Look below for the line that has "Quick-pickled apples"; output exactly from it through the line that has "Case Study - AM Support Services", and leave the pictures out.

--- Records provided ---

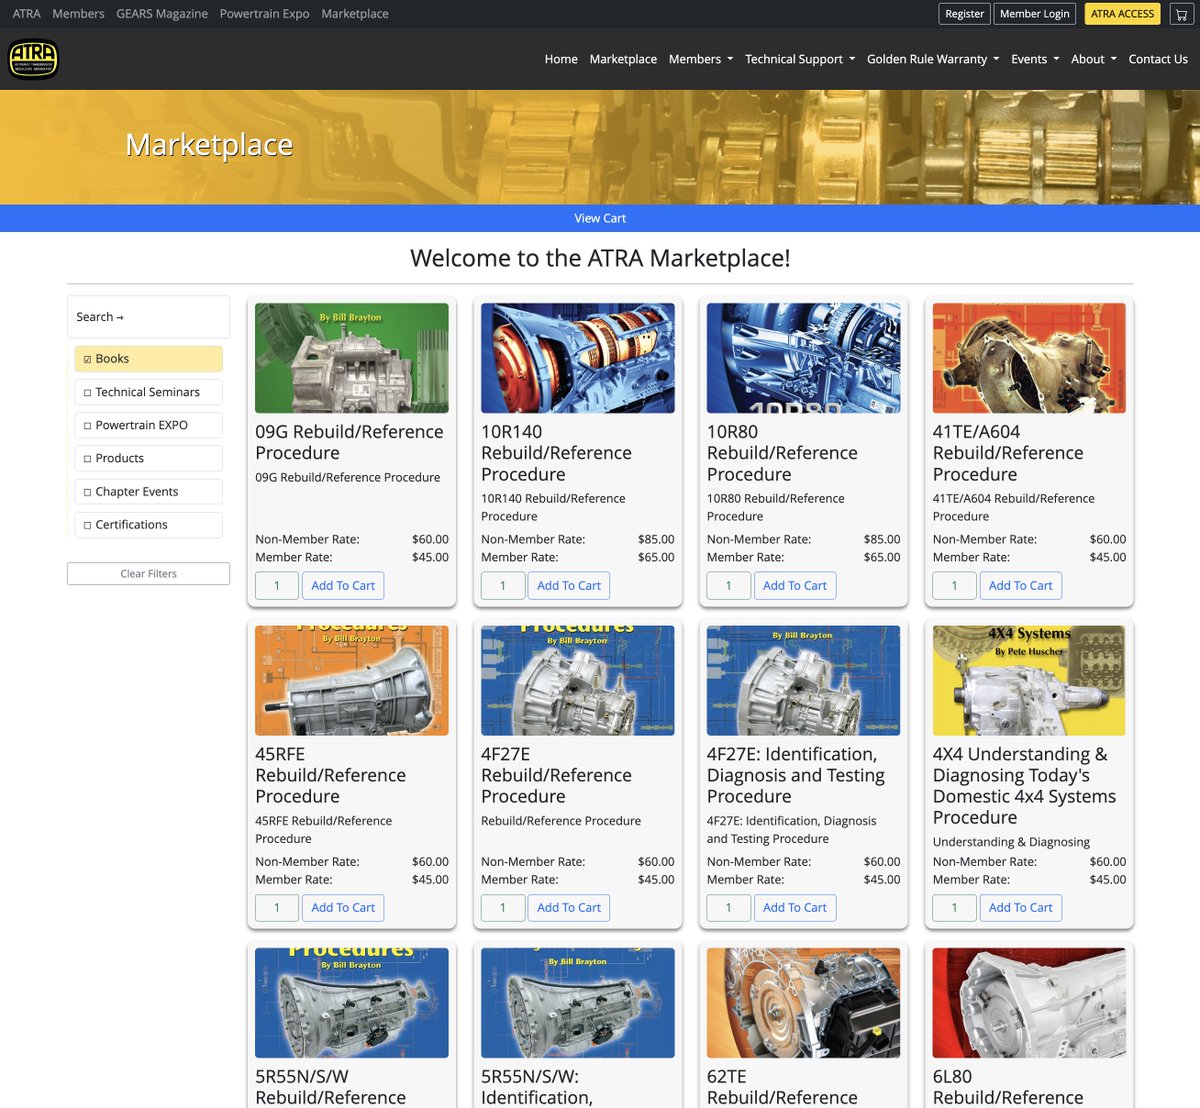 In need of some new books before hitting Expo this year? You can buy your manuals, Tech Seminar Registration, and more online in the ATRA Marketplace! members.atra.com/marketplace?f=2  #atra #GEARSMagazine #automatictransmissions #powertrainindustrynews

---
--- Records provided ---

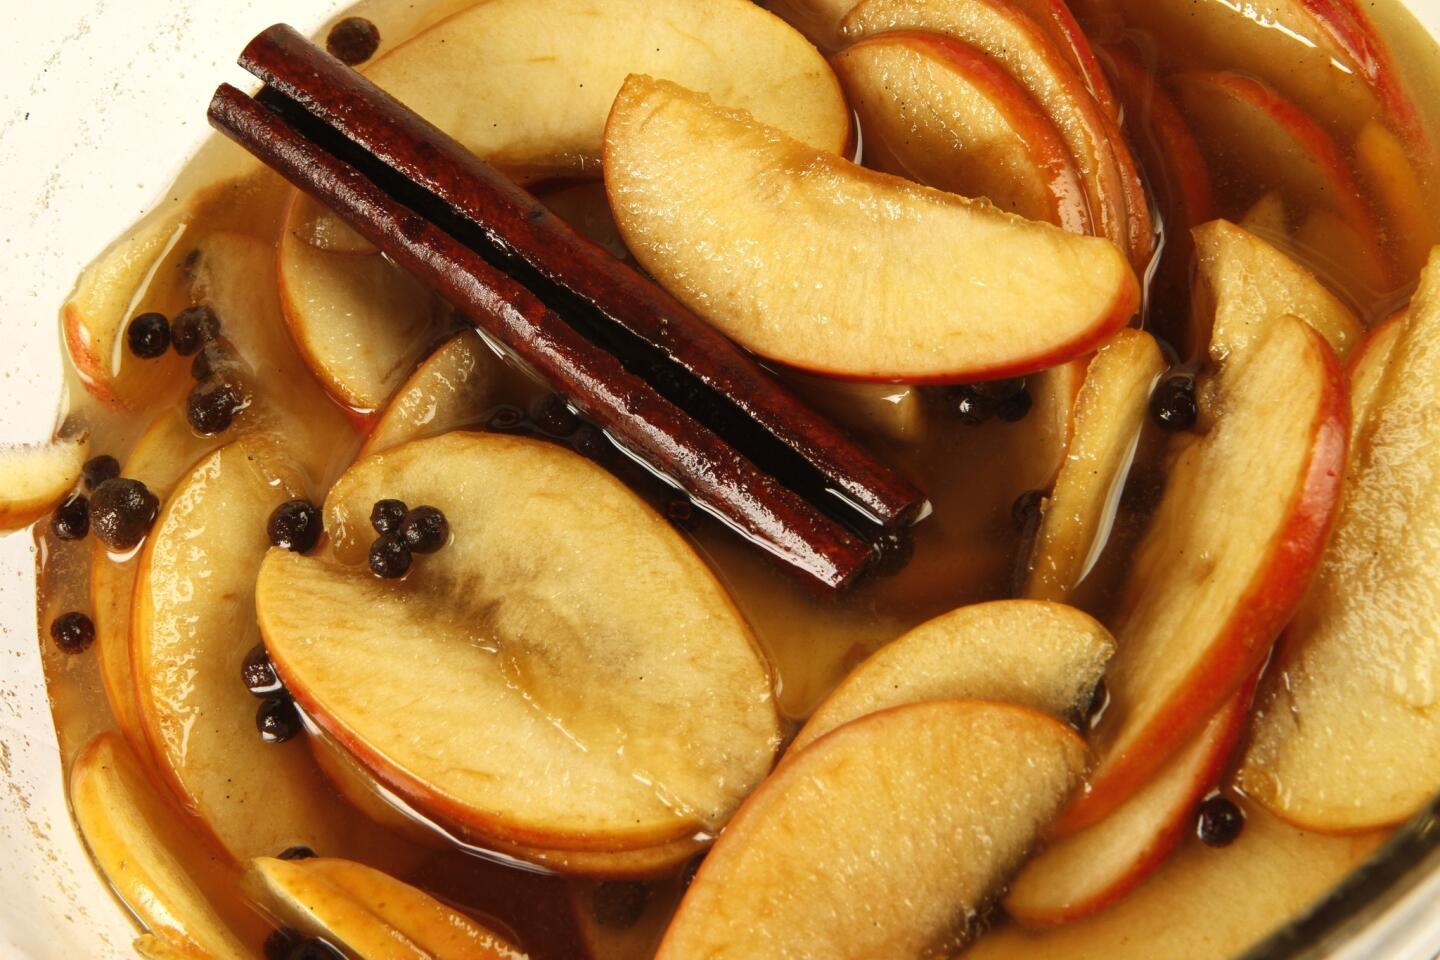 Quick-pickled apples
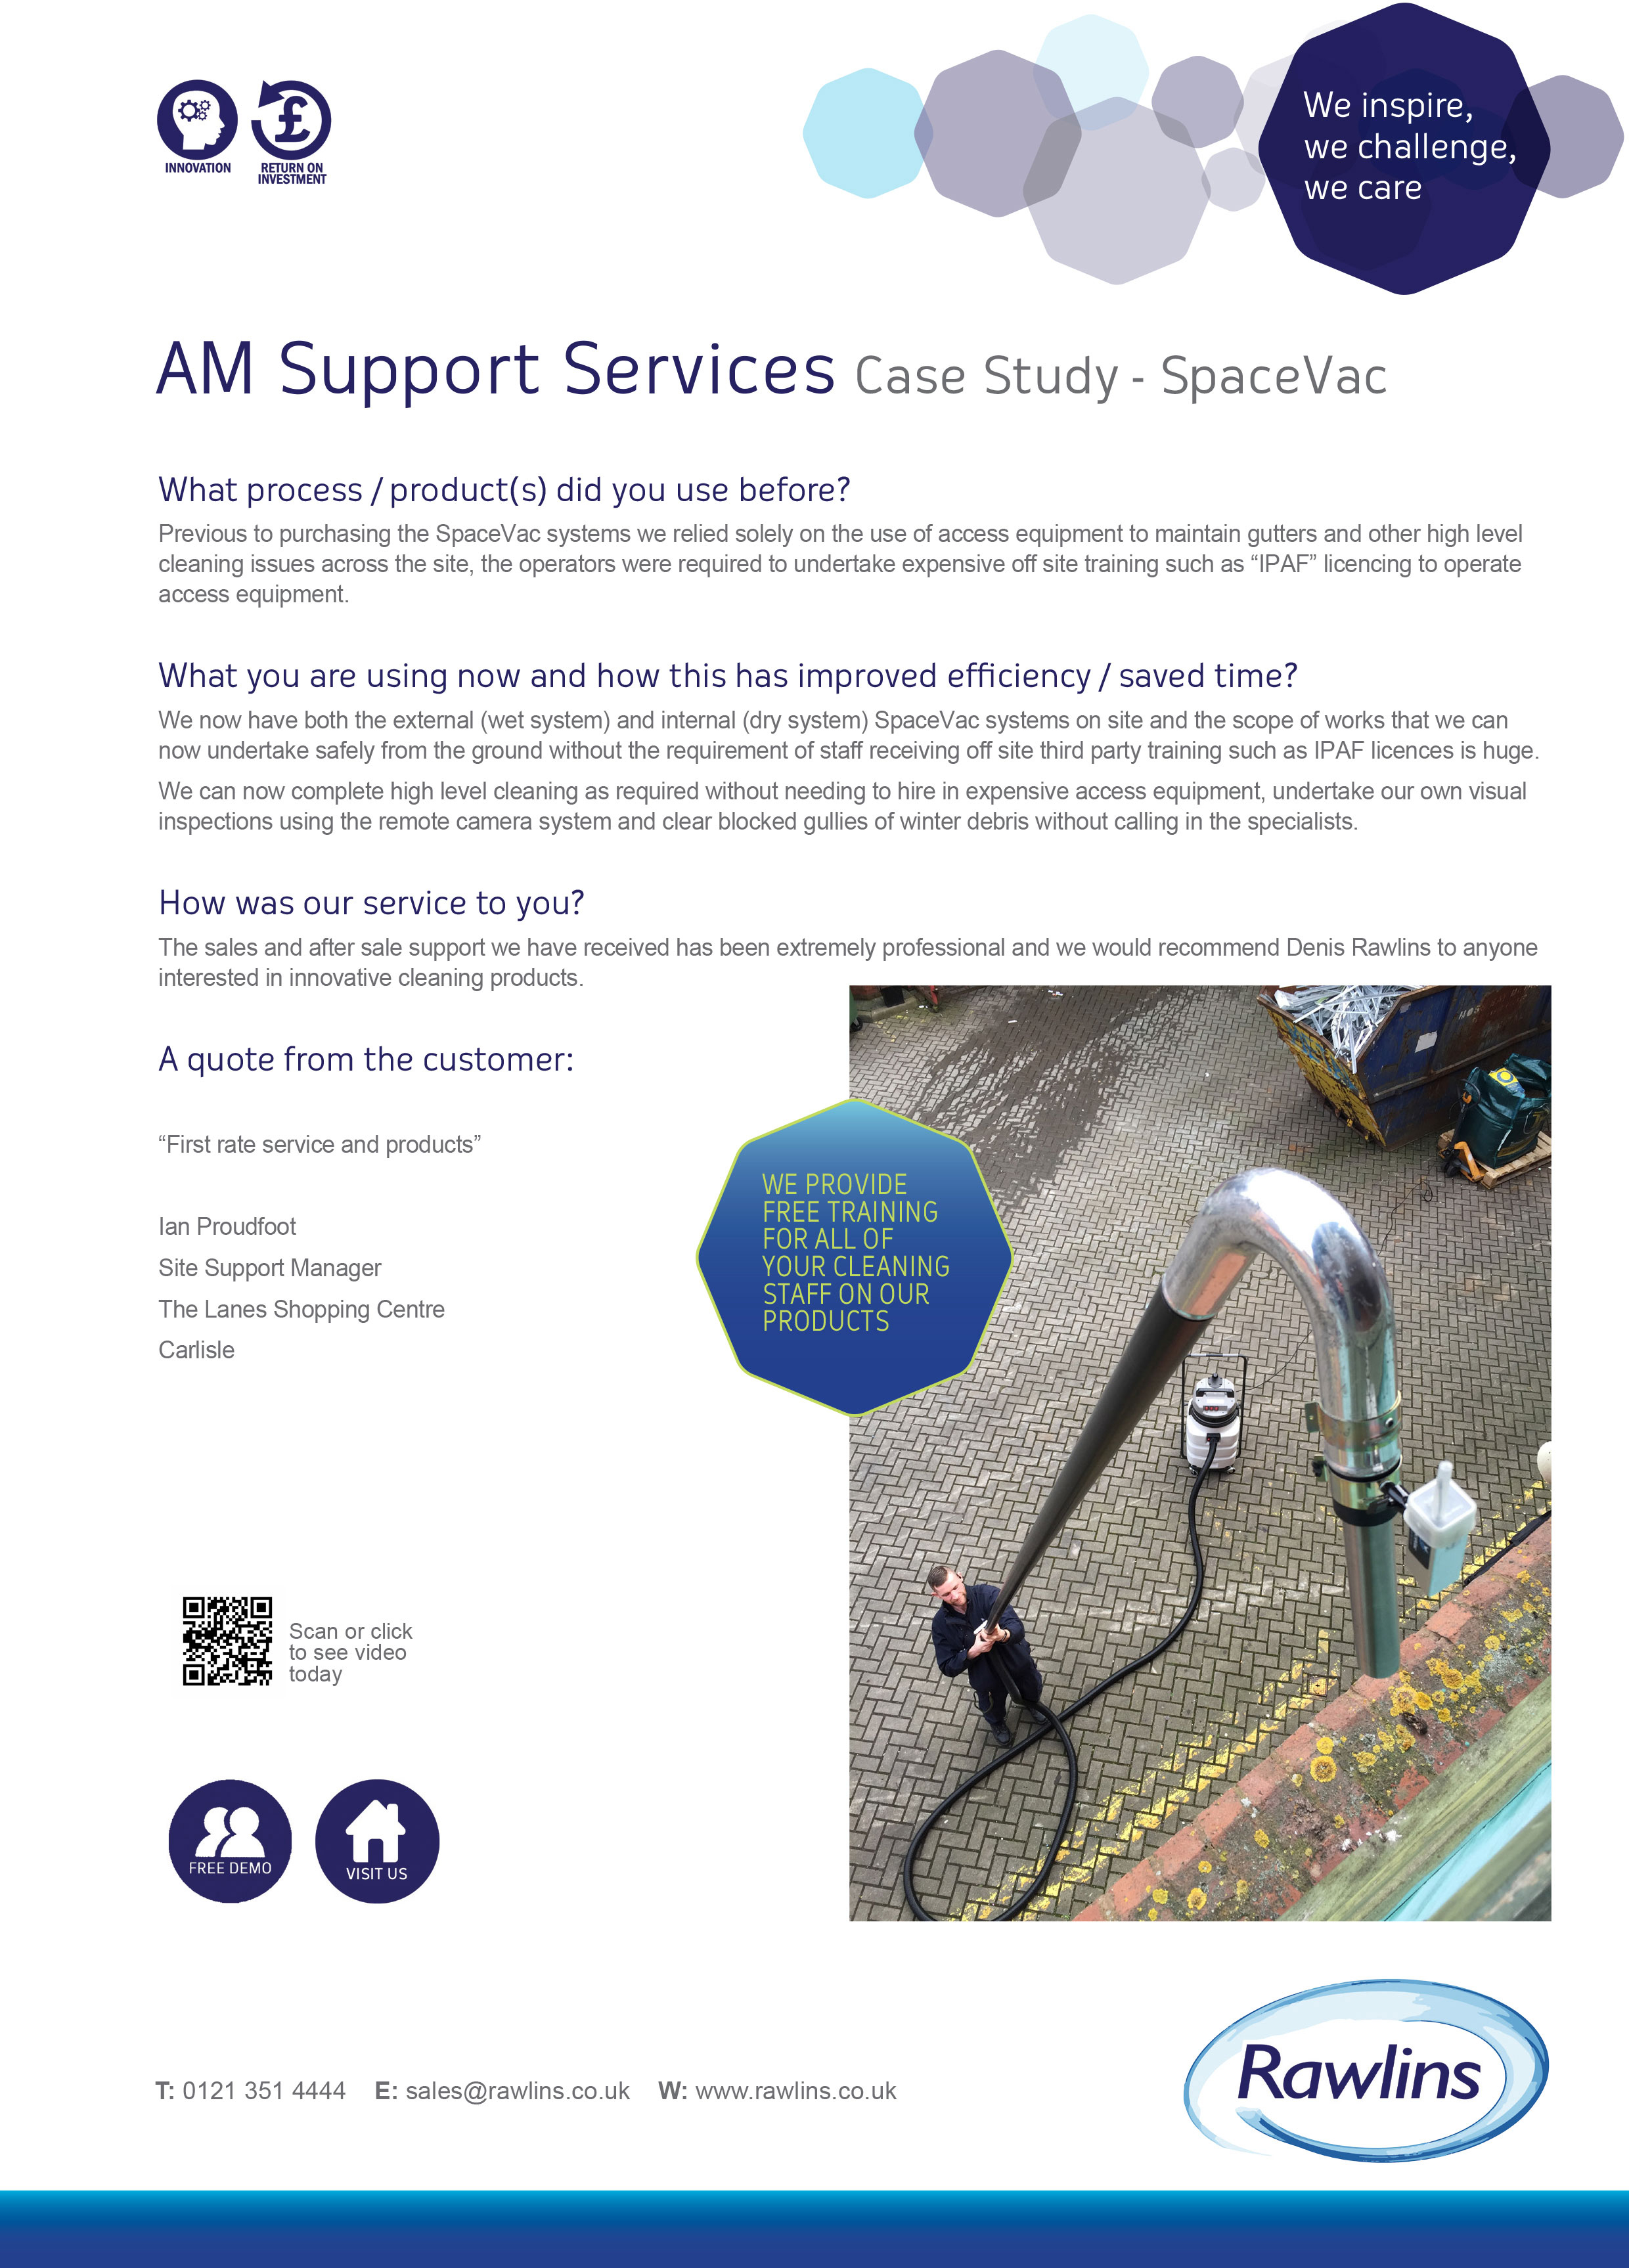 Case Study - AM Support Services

---
--- Records provided ---

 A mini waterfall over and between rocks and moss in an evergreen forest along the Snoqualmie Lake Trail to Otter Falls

---

**Your response**:
 Quick-pickled apples
 Case Study - AM Support Services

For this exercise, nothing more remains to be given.